1The terminology “expected health outcomes” refers to what is expected to happen based on an individual’s health/medical conditions.

Acute Pain

Acute pain (duration <1 min). Subacute Pain (duration 1-3 min). Chronic Pain (duration >3 min)

The 2022 Clinical Practice Guideline leverages new data to include recommendations on prescription opioids for acute pain (duration less than 1 month). Nonopioid therapies are at least as effective as opioids for many common types of acute pain, including but not limited to low back pain, neck pain, pain related to other musculoskeletal injuries (such as sprains, strains, tendonitis, bursitis), and pain related to minor surgeries.
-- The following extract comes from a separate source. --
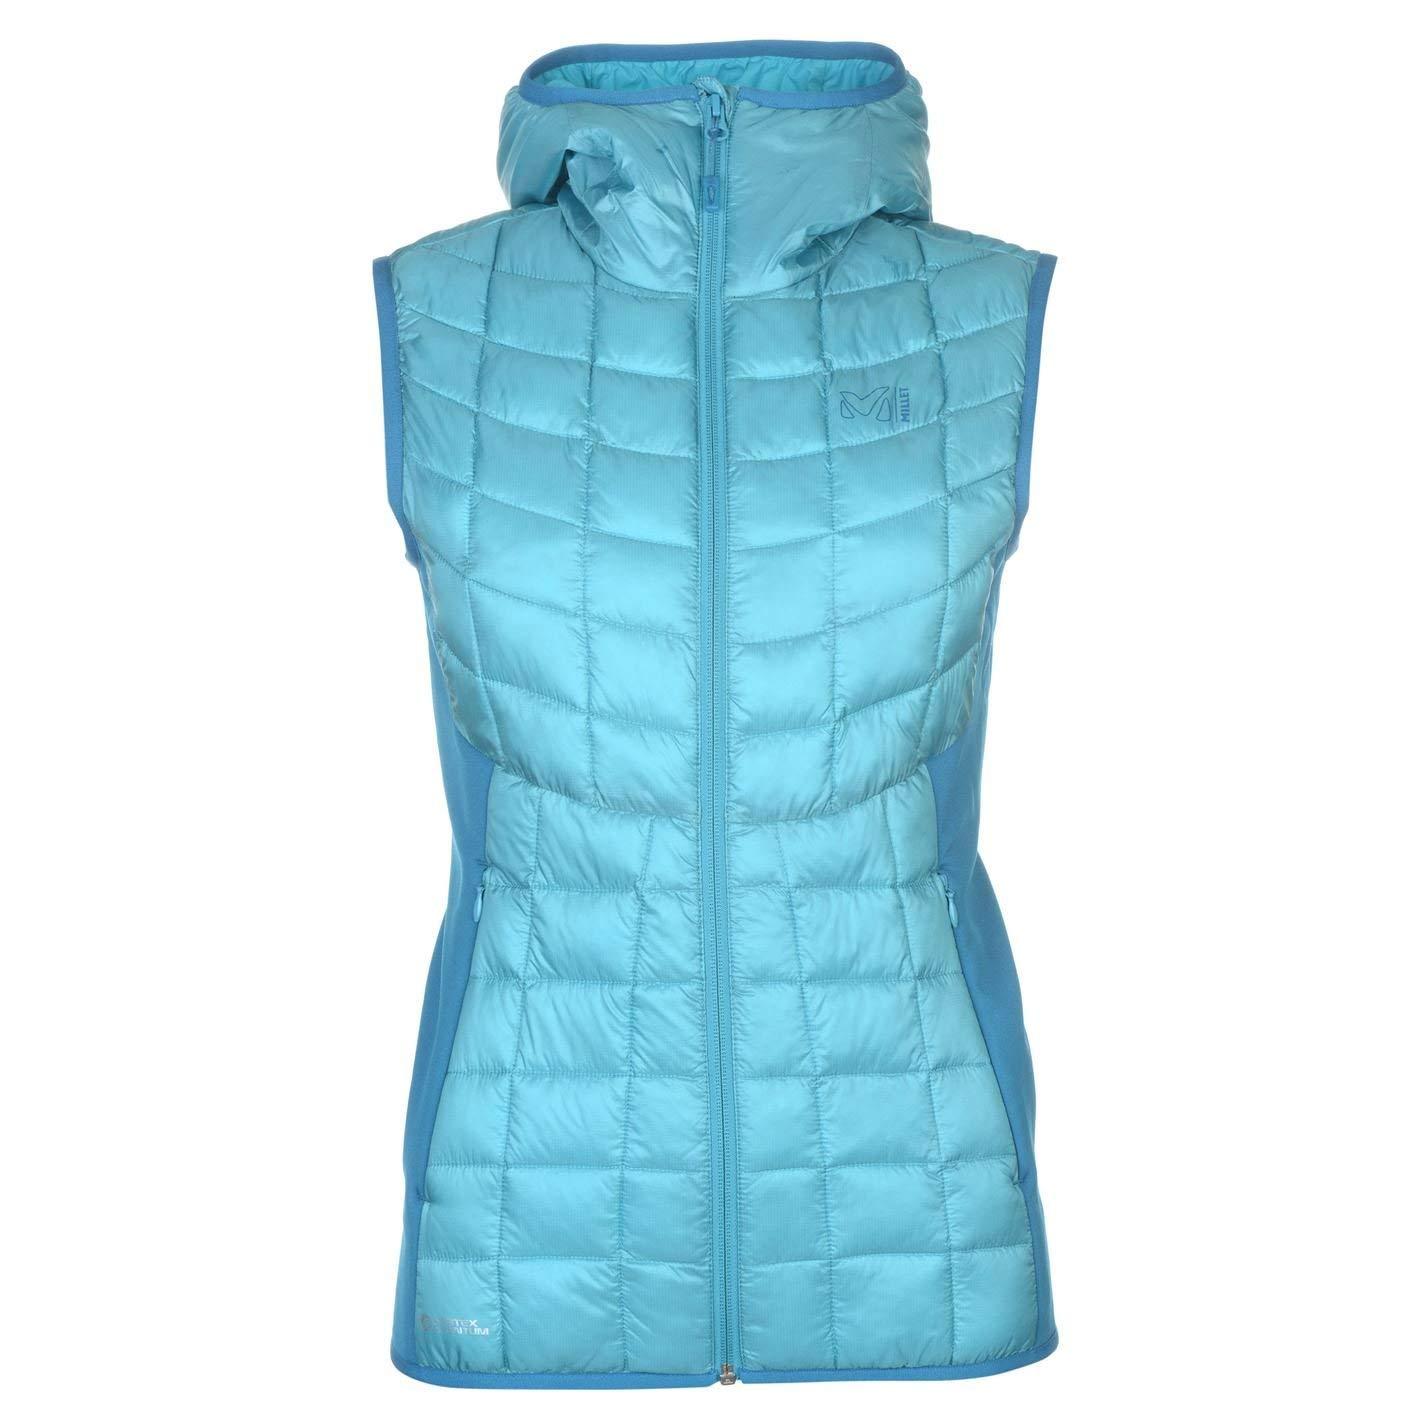 68976c4f0c Millet Womens Hybrid Microloft Gillet Jacket Mens Ski Top

Clinicians should ensure that patients are aware of expected benefits of, common risks of, serious risks of, and alternatives to opioids before starting or continuing opioid therapy and should involve patients meaningfully in decisions about whether to start opioid therapy. Additional recommendations and implementation guidance can be found in Recommendation 1.
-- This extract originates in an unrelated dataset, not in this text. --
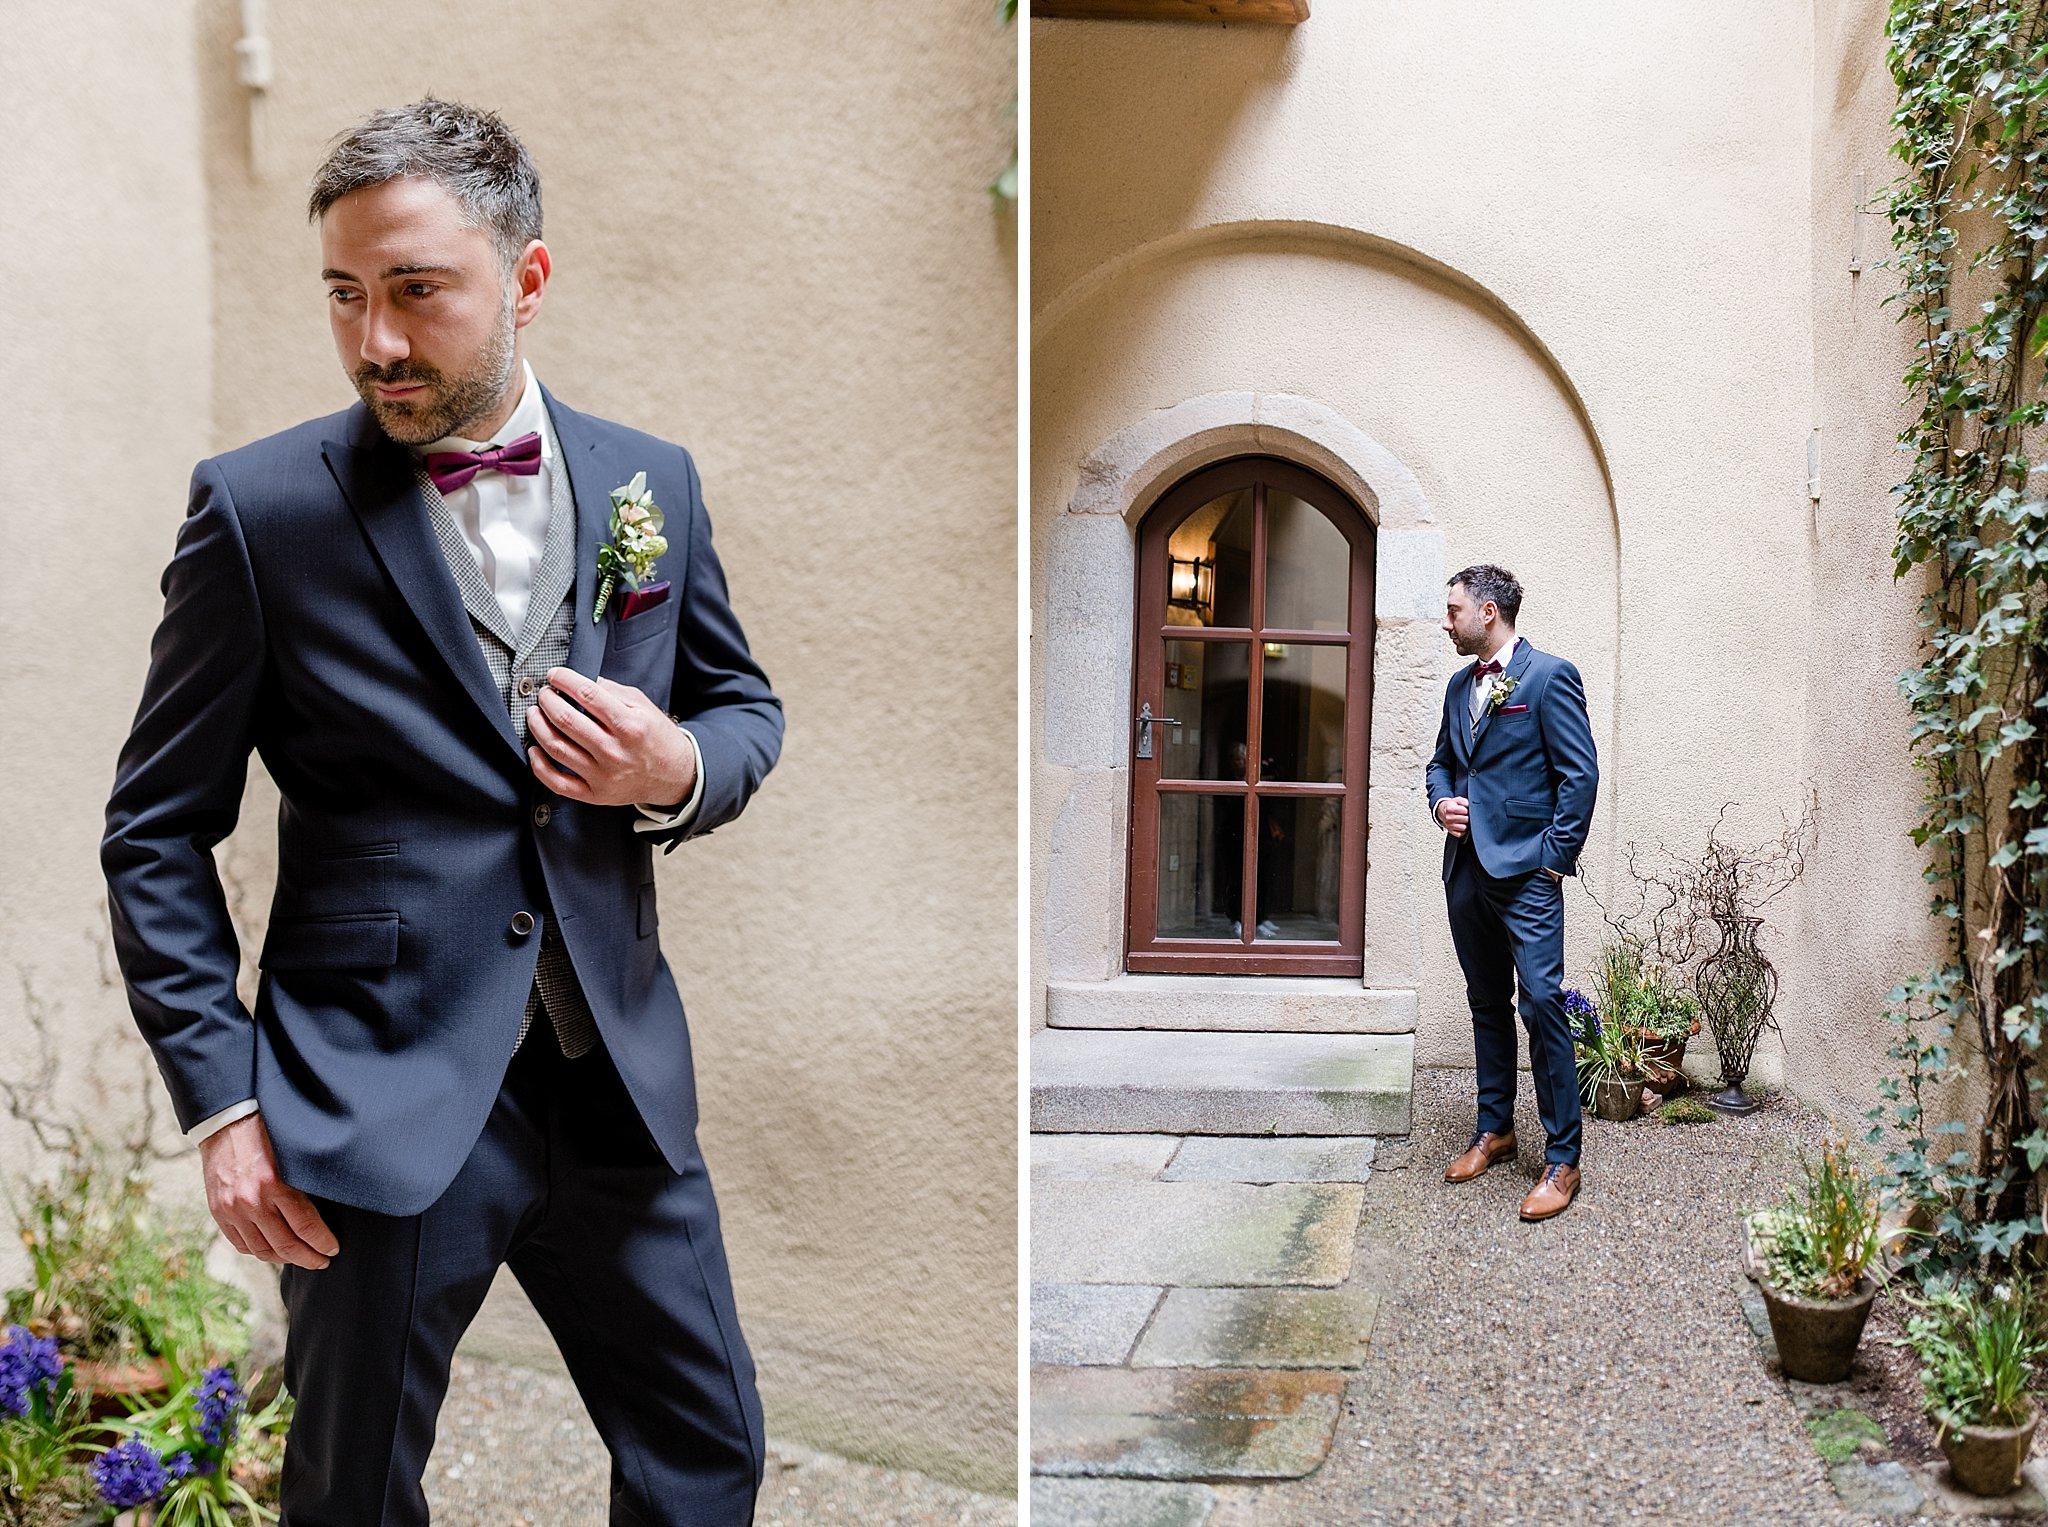 Hochzeit-von-Marina-Dominik-auf-Burg-Wernberg-und-Schloss-Friedrichsburg-00058

There is an important role for opioid therapy for acute pain related to severe traumatic injuries (including crush injuries and burns), invasive surgeries typically associated with moderate to severe postoperative pain, and other severe acute pain when non-steroidal anti-inflammatory drugs (NSAIDs) and other therapies are contraindicated or likely to be ineffective.

Subacute Pain

The 2022 Clinical Practice Guideline includes content on management of subacute pain. This refers to pain that lasts between 1-3 months, or pain that occurs in between what is typically considered acute and chronic. Critical opportunities to reassess a patient’s prescriptions during the subacute time frame are highlighted within the 2022 Clinical Practice Guideline to ensure that opioid prescribing for acute pain does not unintentionally become long-term opioid therapy.
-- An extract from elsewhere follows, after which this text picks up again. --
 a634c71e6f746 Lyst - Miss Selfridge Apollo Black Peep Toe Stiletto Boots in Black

For patients with subacute pain who started opioid therapy for acute pain and have been treated with opioid therapy for 30 days or longer, clinicians should ensure that potentially reversible causes of chronic pain are addressed.

Health Equity and Disparities in the Treatment of Pain

The 2022 Clinical Practice Guideline describes evidence about long-standing health disparities that exist in the treatment of pain, such as geographic disparities and disparities in treatment due to access and affordability. It also highlights the importance of attention to health inequities related to race and ethnicity, as a guiding principle for implementation.

Racial and Ethnic Disparities by the Numbers

Patients who identify as Black, Latino, and Asian have been found to receive fewer postpartum pain assessments relative to White patients1. Black2 and Latino3 patients are less likely to receive analgesia for acute pain than are White patients.

  1. Morden NE, Chyn D, Wood A, Meara Racial inequality in prescription opioid receipt – role of individual health systems. N Engl J Med. 2021;385(4):342-51.
  2. Ly DP. Racial and ethnic disparities in the evaluation and management of pain in the outpatient setting, 2006-2015. Pain Med. 2019;20(2):223-32.
  3. Joynt M, Train MK, Robbins BW, et The impact of neighborhood socioeconomic status and race on the prescribing of opioids in emergency departments throughout the United States. J Gen Intern Med. 2013;28(12):1604-10.